The name of a namespace that the entity belongs to. This field is optional and currently has no special semantics apart from bounding the name uniqueness constraint if specified. It is reserved for future use and may get broader semantic implication.

Namespaces may also be part of the catalog and are v1 / Namespace entities, i.e., not Backstage specific but the same as in Kubernetes.

description

A human readable description of the entity to be shown in Backstage. Should be kept short and informative, suitable to give an overview of the entity's purpose at a glance. More detailed explanations and documentation should be placed elsewhere.

labels

Labels are optional key/value pairs that are attached to the entity, and their use is identical to kubernetes object labels.

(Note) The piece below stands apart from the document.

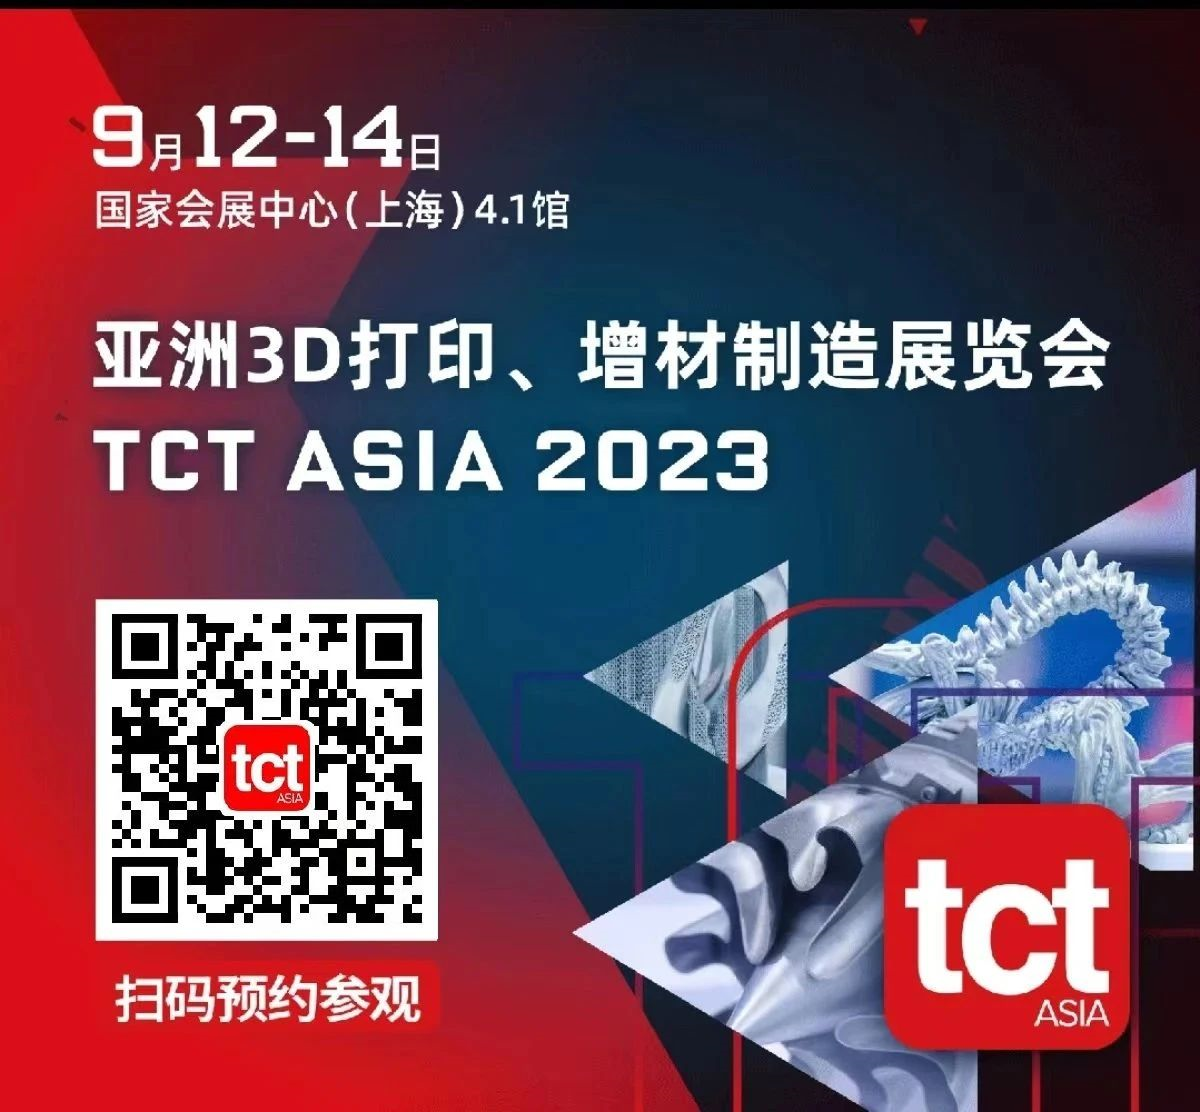 展會邀請｜山東雷石與您相約2023 TCT亞洲展

Their main purpose is for references to other entities and for information that is in one way or another classifying for the current entity. They are often used as values in queries or filters.

Both the key and the value are strings, subject to the following restrictions.

Keys have an optional prefix followed by a slash, and then the name part, which is required. The prefix must be a valid lowercase domain name, at most 253 characters in total. The name part must be sequences of [a-zA-Z0-9] separated by any of [-_.], at most 63 characters in total.

The backstage.io/ prefix is reserved for use by Backstage core components. Some keys, such as system also have predefined semantics.

Values are strings that follow the same restrictions as name above.

annotations

An object with arbitrary non-identifying metadata attached to the entity, identical in use to kubernetes object annotations.

Their purpose is mainly, but not limited, to reference into external systems. This could, for example, be a reference to the git ref the entity was ingested from, to monitoring and logging systems, to pagerduty schedules, etc.

Both the key and the value are strings, subject to the following restrictions.

Keys have an optional prefix followed by a slash, and then the name part, which is required. The prefix must be a valid lowercase domain name, at most 253 characters in total. The name part must be sequences of [a-zA-Z0-9] separated by any of [-_.], at most 63 characters in total.

The backstage.io/ prefix is reserved for use by Backstage core components.

Values can be of any length but are limited to being strings.

Component

FieldValue
apiVersionbackstage.io/v1alpha1
kindComponent

The spec object for this kind is as follows:

FieldTypeRequiredDescription
typeStringYesThe type of component, e.g. service.